観光客・私、異国のマッサージチェアに座る。
3年前、マレーシアのマラッカという街に立ち寄ったときの話。
その日は朝からカンカン照りで、1日中忙しく歩きまわっていた私は、日が傾きはじめたころ限界を迎えていた。も、もうダメだ…クーラーガンガン効いてるところに行きたい……
マラッカは世界遺産のある街で、のんびりした穏やかな、あちこちに古い建造物が残る街だけど、中心部にはでっかくてキレイで立派なモールもある。
そこに駆け込む私。
は〜涼し〜〜!
もう出ていけないコレ〜〜!
数日前のマニラでは、外をずっと散策しすぎて夜両足が攣りまくった。
おかしいと思ってネットで検索したら「脱水症状の初期段階」…!
汗をかきすぎるのもほどほどにしないとね!!
涼しいモール内をあてもなくブラブラしていると…
おっ?
おおー!
マッサージチェアーー!!
日本のショッピングモールでも(マッサージチェアを置くなんて面白いな、誰が考えたんだろう、よく考えたな)なんて思ってたけど、まさかこんなところでもお目にかかるとは。

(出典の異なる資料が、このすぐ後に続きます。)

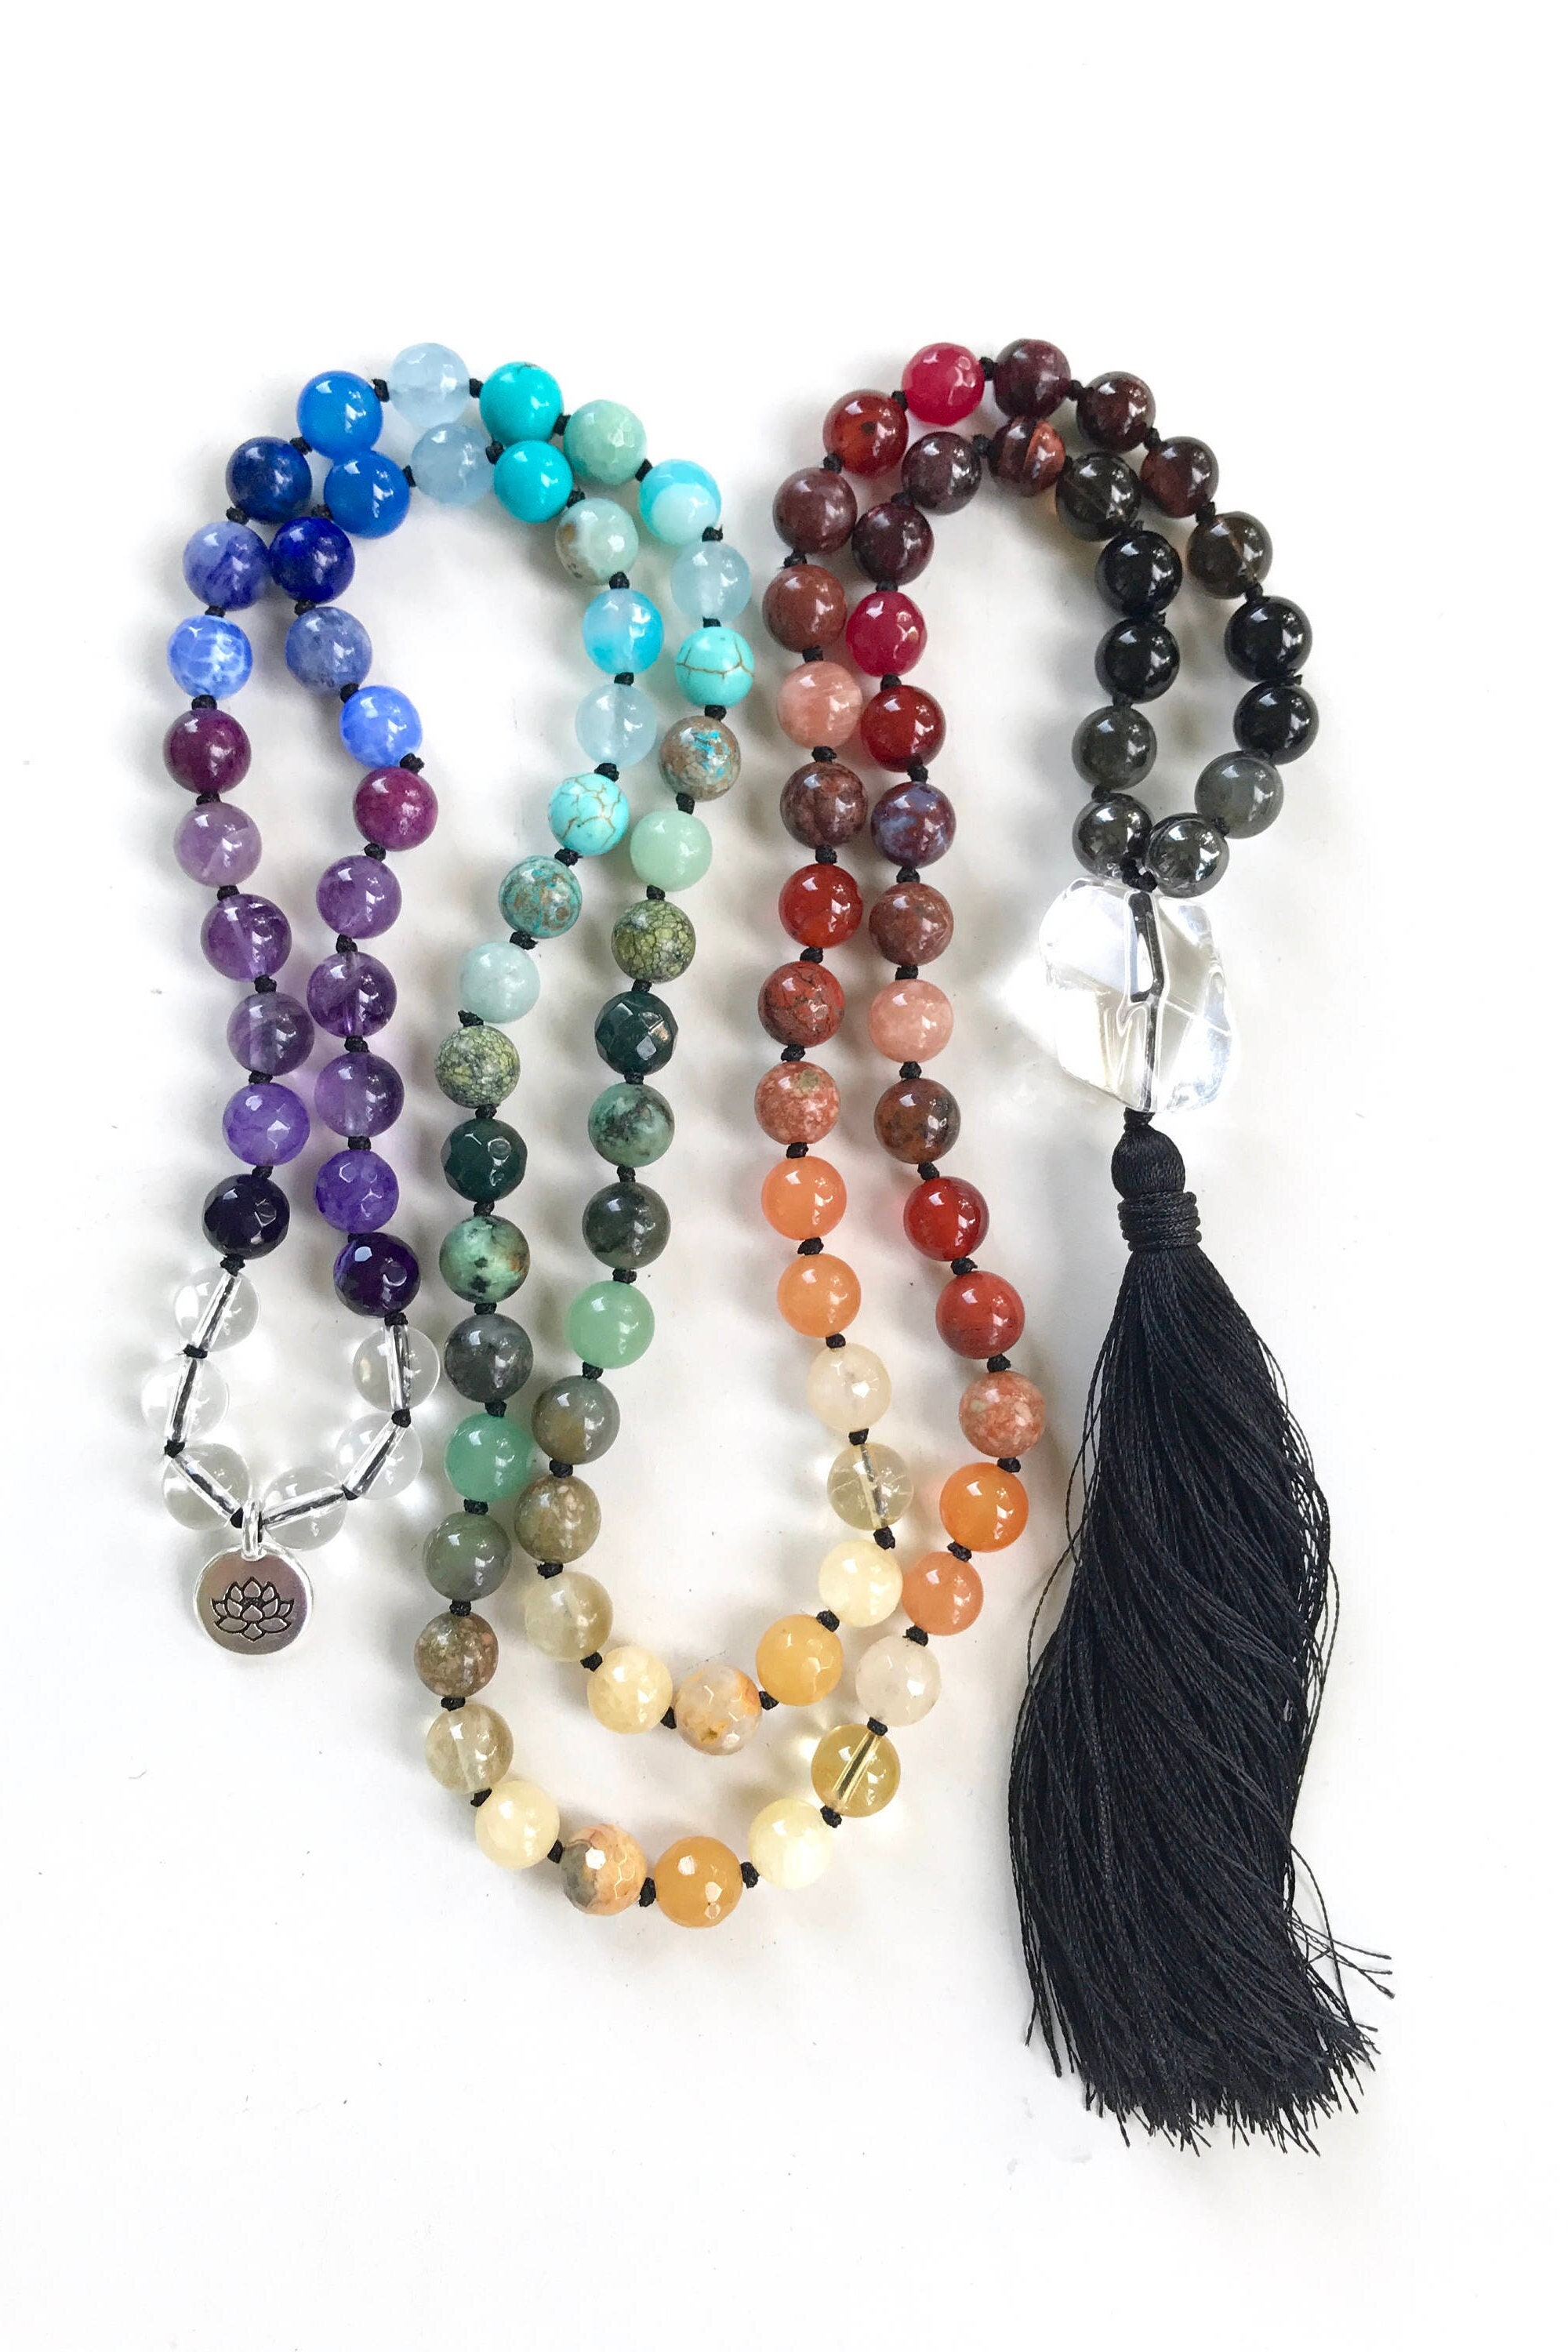 Balance The Chakras - Mala Beads - Chakra Healing Mala Necklace - 108  Beaded Mala - Silk Tassel - Prayer Beads
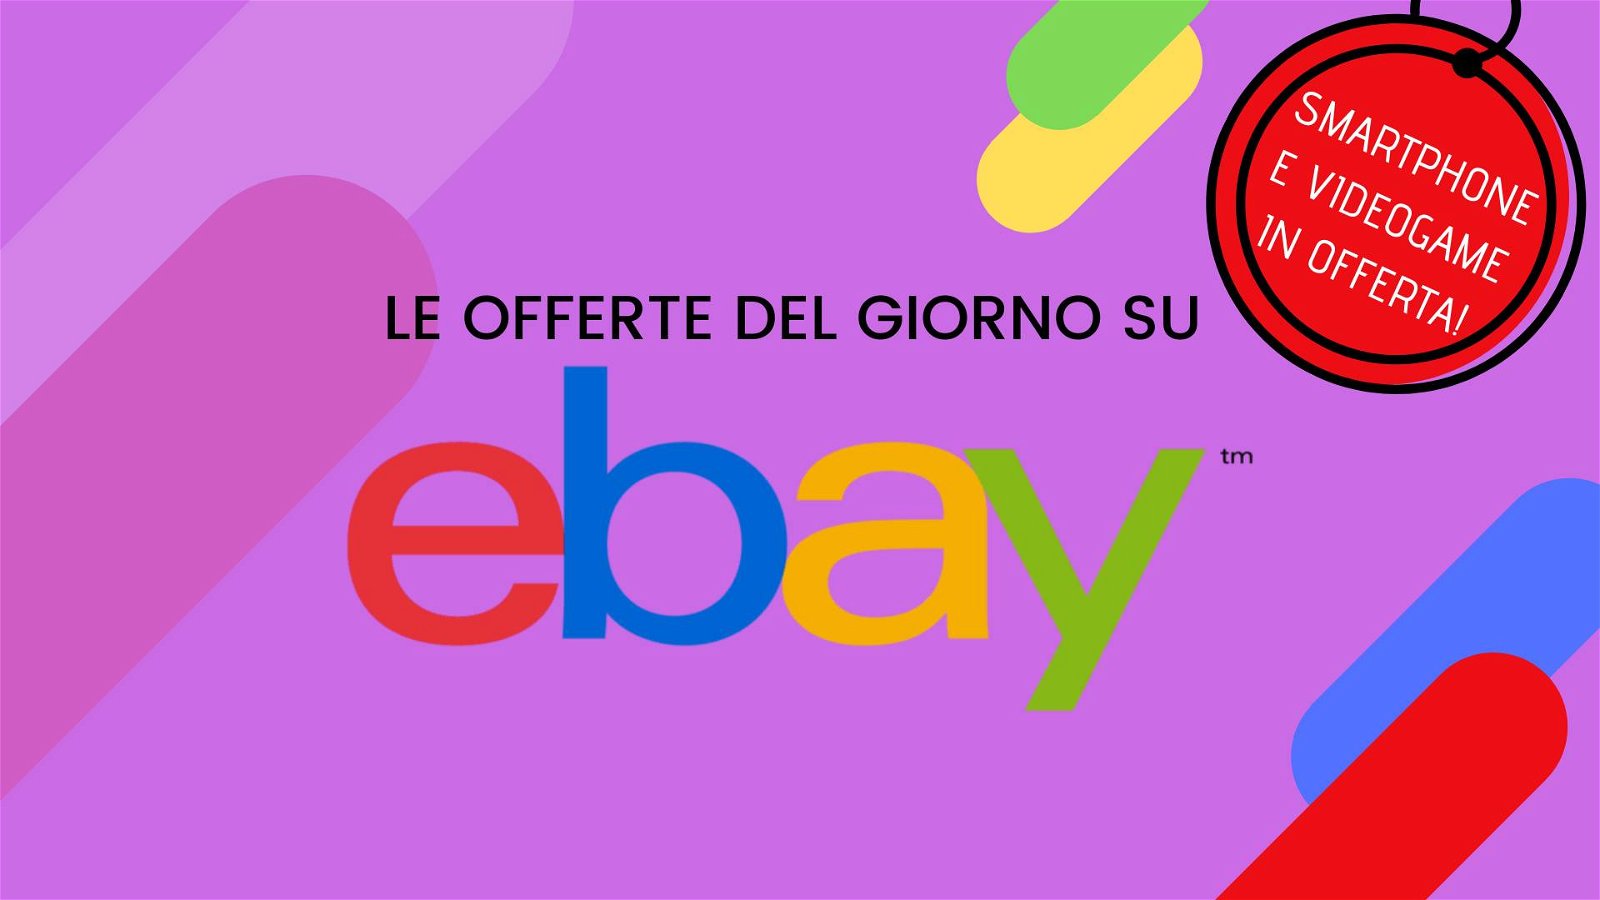 Immagine di Offerte del giorno eBay: smartphone e videogame a prezzi eccezionali!

マレーシアの人たちも肩凝ってるんですかね!?
などとたった一人興奮しながらしばらく眺めまわし、
チラッ…
誰も見てないし…
歩き疲れたし…
座ってみちゃおっかな〜↑↑
なるべく他のお客さんから見えづらいイスを選んでそっと座る私。
お〜、投入するのはコインじゃなくてお札なんですね。
こんな小さなイスによくお札の回収機つけられたな〜
ちょっと恥ずかしいし、力強すぎて痛かったら嫌だし、
5リンギットくらいにしてみよう!
ウィーーン
…
…ウィーーン
…あれ?
入らない。
もう一回!
…
…ウィーーン
入らないな〜
お札、ピンとしてキレイなのに。
このイスは調子が悪いのかも!
いいよ〜、あるある!
異国あるあるだよね〜!
…あっちのイスにしてみよっかな
と、隣のイスを見ていると
「入らないの?」
はっとして振り返ると、30代くらいのイケイケのお兄さんが覗き込んでいました。
沖縄のお兄さんかな?という感じの彫り深めなお兄さん。
(見られていた〜〜!恥)
「あっ、あハイ、、」
「かしてみて」
見るとお兄さんの後ろには中学生くらいの男の子。
きっと、親子なのだろう。
フィリピンでもこういう親子はたくさん見たけど、本当に友達かと思うほどだ。
((( パパ若〜〜〜!!)))
男の子はお父さんが一生懸命お金を入れようとするのをじっと見ていました。
「あ〜、入らないねコレ、」
お父さんが私に言います。
「ね〜!隣のにしてみようかな」
すると、
「かして!」
お父さんの後ろから見ていた男の子が、今度は私の前にまわりこみ、札を手に、投入を試みてくれました。
異国のマッサージチェアに座る観光客と、それを取り囲む男の人たち。
な、なんだこの図は…!笑
2人が一生懸命札を入れようとしてくれているのを前に、申し訳ないな、優しいな…、などの感情とともに、自分が置かれている状況に思わず笑いがこみ上げてくるのを必死に抑える私。
「違うお札はある?」
そう聞かれて、財布をごそごそしてみると、10リンギット札がありました。
「おお!それ入れてみよう!」
ウィーーン…
…
「ハッ‥!動いた!!」
「おお〜!」
「よかった!」
「5リンギットは受け付けてなかったんだね笑」
「じゃあ!」
「楽しんで〜!」
「ありがとう〜、本当にありがとう〜〜!」
観光客・私は、マッサージチェアに座ったまま2人を見送ったのだった。
ちなみに今、世界のニュースの舞台になっているklia2(クアラルンプール国際空港2)のバスターミナルのところにも、ずらりと並べられていました。